Jim cringes, but holds on a little tighter. They make their way through the streets, slowing down when Leonard begins to stumble. “So doc,” he says, grinning in the dark. “I’ve got this rash –” 

“Fuck you,” says Leonard. 

 

\-- 

 

Jim sort of likes Leonard’s flat. It’s not so much a flat as it is a room, but it has a functioning kitchen in one corner. The bed is a mattress, next to a desk and a bookshelf. There are books – old fashioned paper ones, and by the worn quality of them, obviously well-loved. Jim runs a finger down the spine of one, William Blake, a rare book, and smiles. The bathroom is embarrassingly exposed; the toilet sits adjacent to the showerhead. 
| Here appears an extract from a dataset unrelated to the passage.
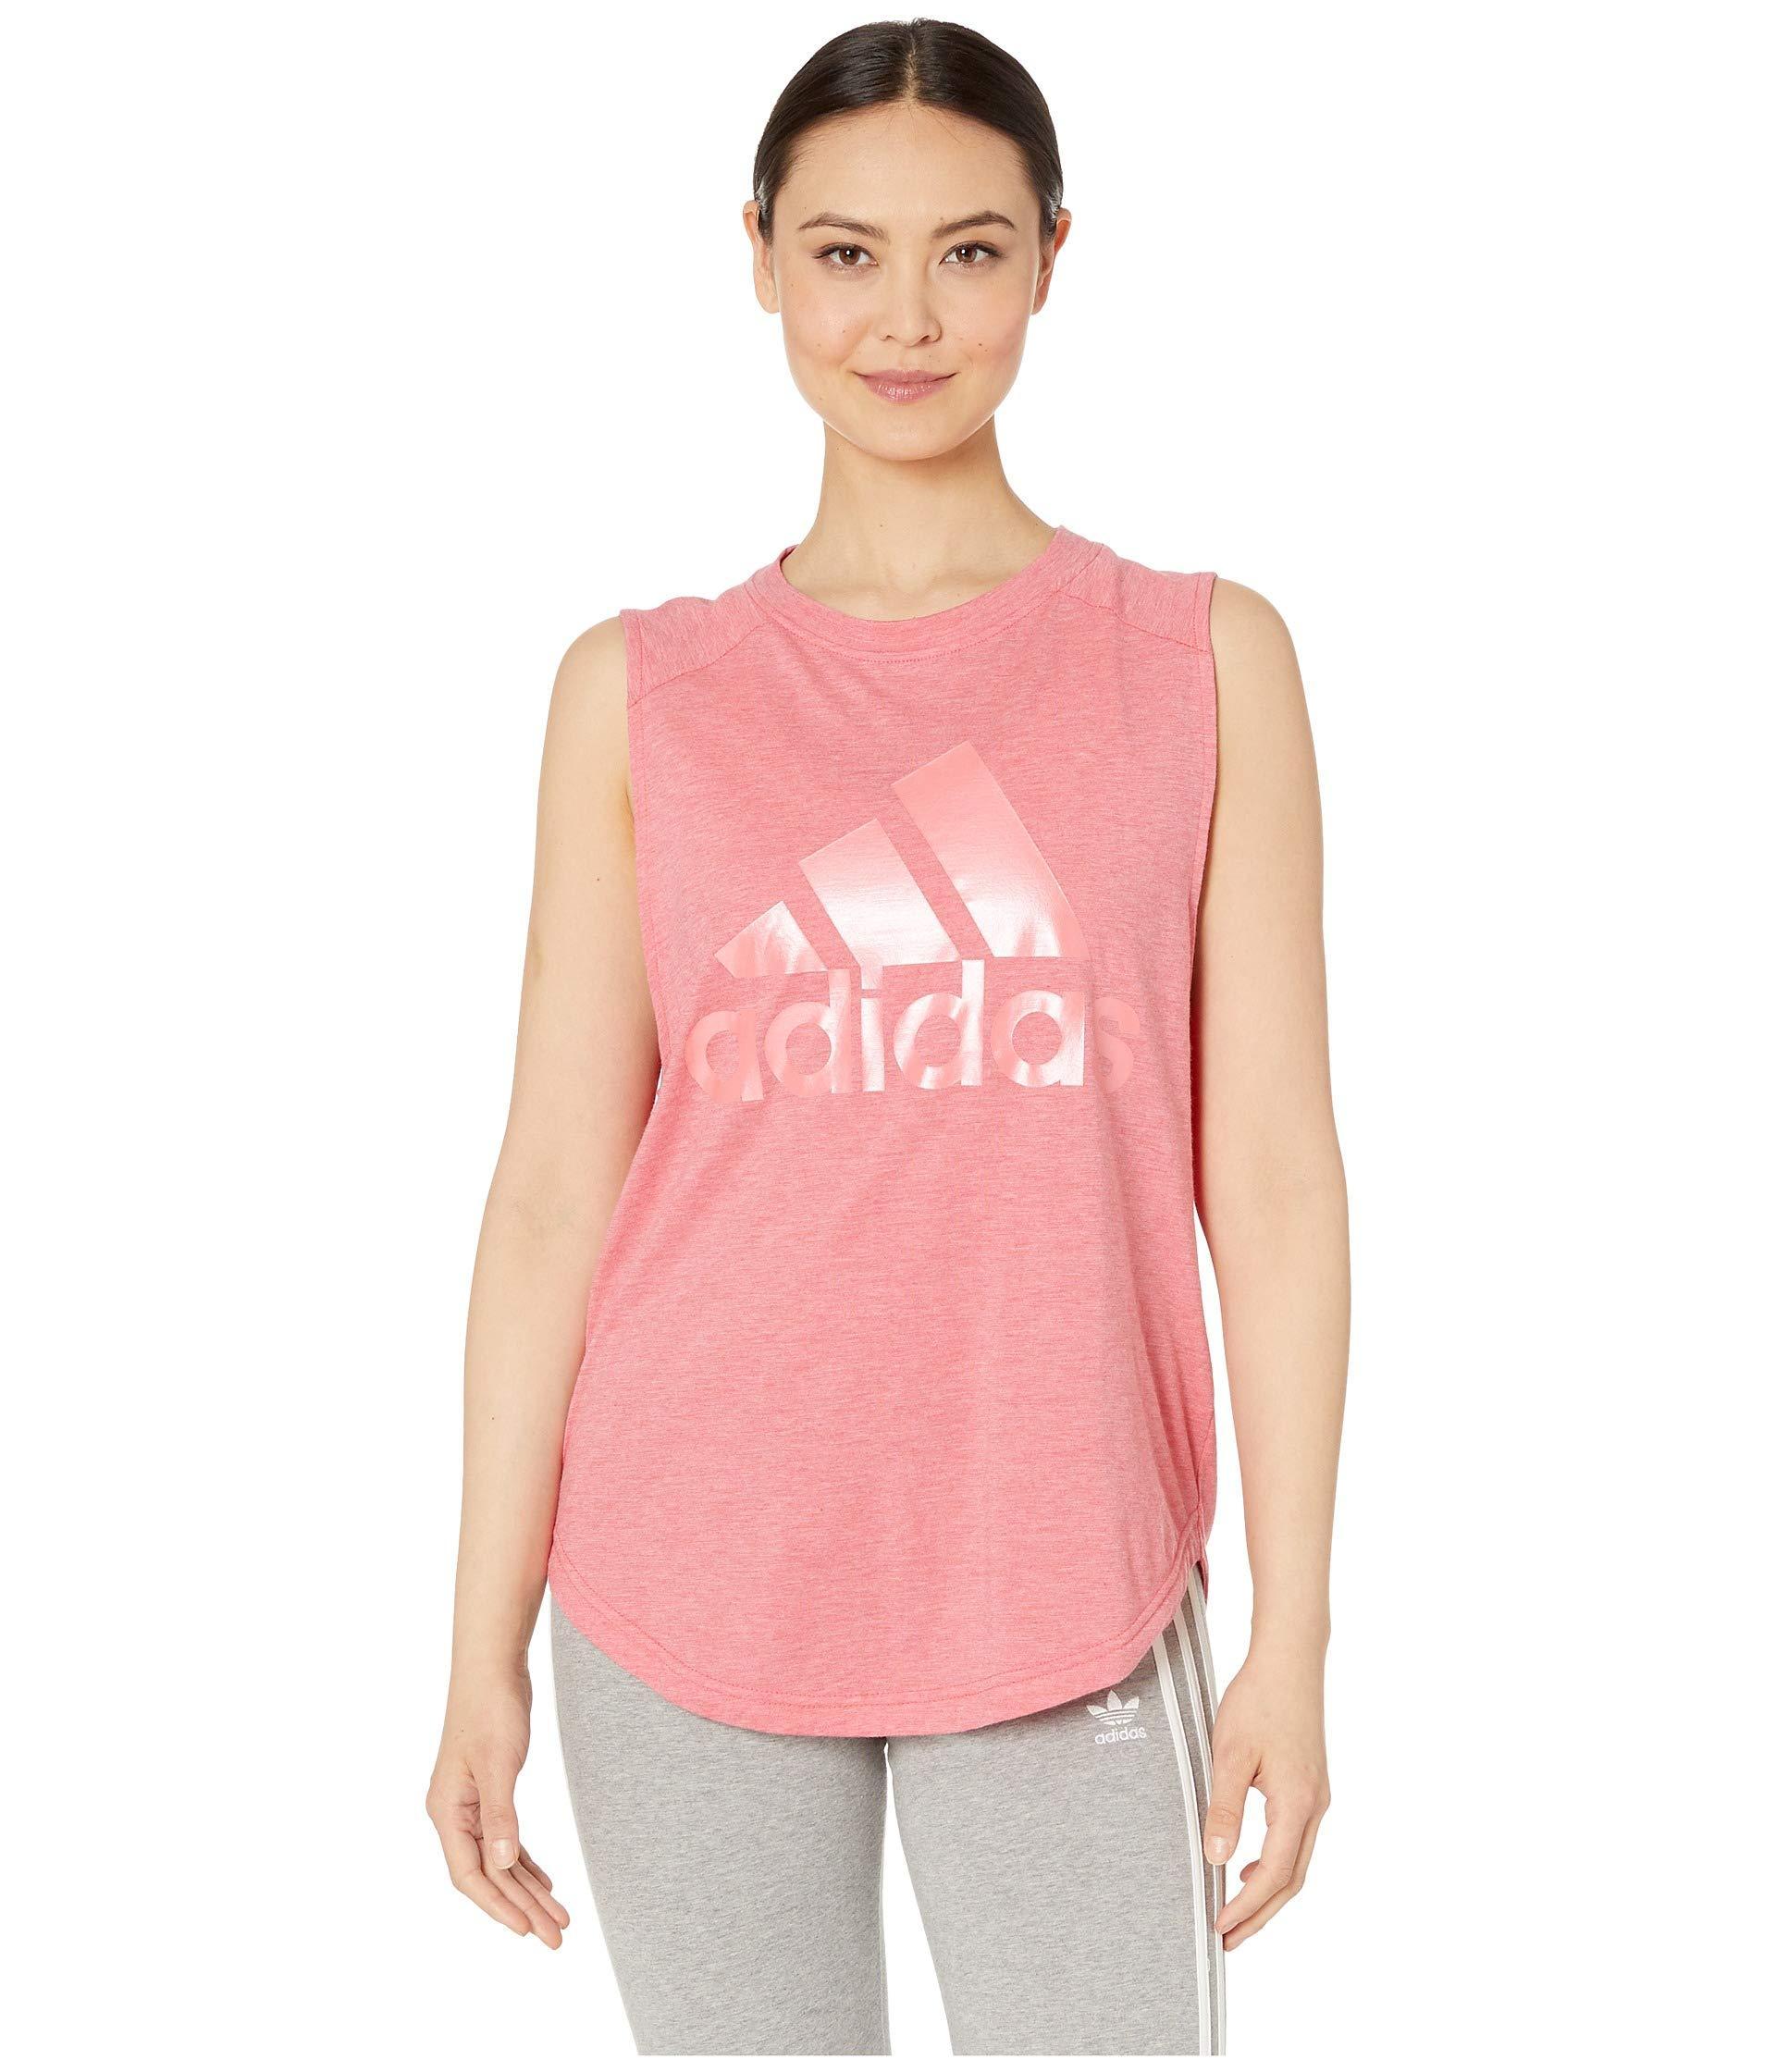 36e8a49ae39f14 Adidas - Pink Winners Id Muscle Tank (ash Grey legend Ink) Women s  Sleeveless. View fullscreen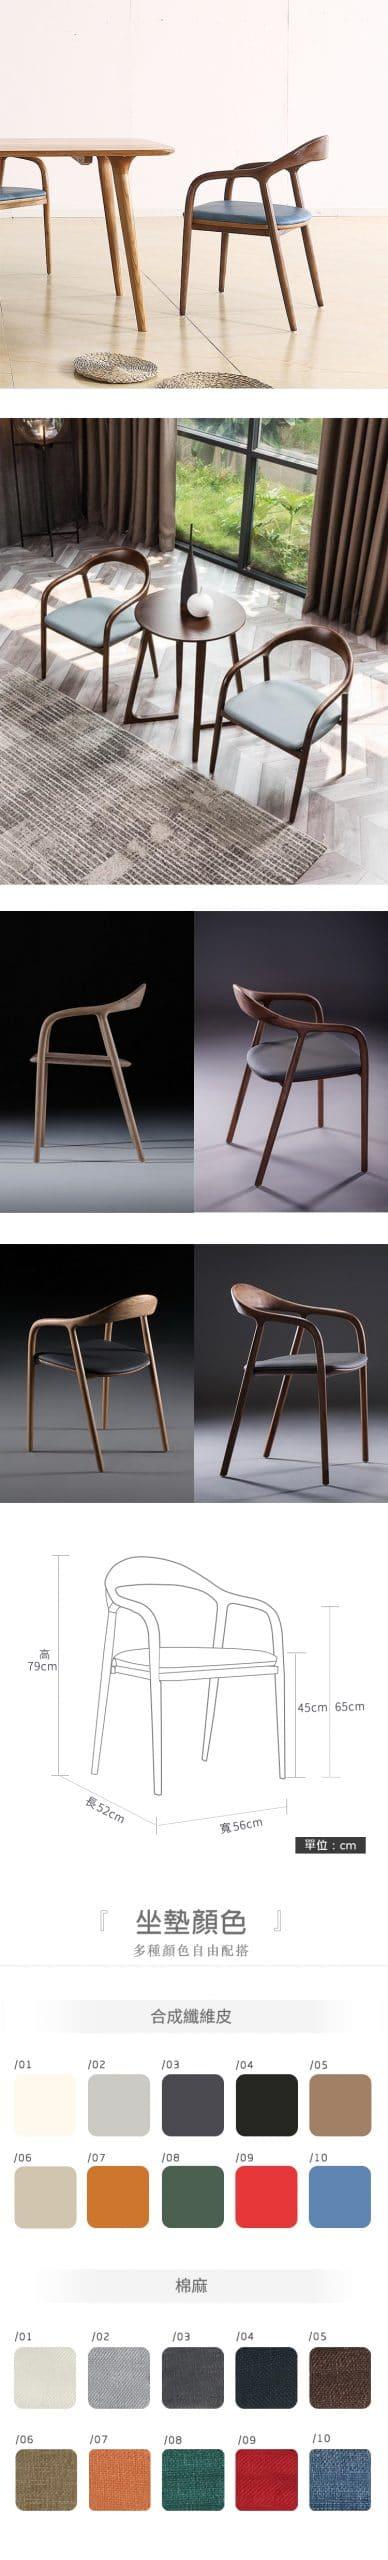 Hiro II 實木餐椅

“No one comes here. I don’t need a curtain,” Leonard grumps, as if reading Jim’s mind. Jim starts, and grins sheepishly at Leonard, who’s slapping medical supplies on the table. Jim takes a seat on the stool and watches as Leonard turns on a dermal regenerator? 

“It was best to invest in something like this,” Leonard says, turning up the settings. 

“Get out of my head,” says Jim, mildly perturbed. 

“Want something to drink?” Leonard moves towards the cupboards without waiting for an answer. He comes back with glasses, and a bottle of something amber. “It’s pretty crap liquor, but does in a pinch.” He pours, and then places the cup in front of Jim. 

“So,” Jim begins. 

“So,” agrees Leonard, and takes his shirt off. Jim quickly averts his eyes. “What are you doing here?” 

Jim drinks, and then looks up. “Jesus Christ,” he swears. Leonard’s torso was a patchwork of mottled bruises and cuts. There are scars on his ribs, and his ribs – Jim could count every single one, and could see where Leonard’s ribcage ended. His collarbones stuck in sharp relief, and Jim sees teeth marks decorating his skin like strands of pearls. He gets up. “Let me, stop Bones, let me help.” 

Leonard shrugs noncommittally and hands him the dermal regenerator. Jim concentrates on the new bruises closest to Leonard’s sternum. “The fuck, man,” he says softly. 

Leonard laughs, a harsh guttural sound. “You think that’s bad? Wait until you see my back.” Jim winces. “The ones who pay, for this? They pay more. It helps, if the week’s been slow. Occupational hazard,” Leonard says, quieter. “It happens. It’s a lot better now.” 

Fury rises in Jim. “What do you mean better now?” 

Leonard tenses. He moves away from Jim. “Don’t,” he hisses. “You have no right to say anything.” In that instance, Jim sees something flash in Leonard’s eyes. He remembers, Jim thinks, horrified. He turns off the regen. 

“About that night,” Jim says, putting the machine down. He moves towards Leonard, hands out. Leonard takes another step back. “I’m sorry, okay? I haven’t seen you in ages, and I was just thinking about you, and then there you were in the alleyway, and – “ 

“You saw me in the alleyway?” Leonard’s voice rises in horror, a flush rising across his cheekbones and moving down his neck. 

“I didn’t mean, it was an accident. Bones,” Jim pleads. “Look, I’m sorry. I didn’t mean to say that. I really didn’t.” 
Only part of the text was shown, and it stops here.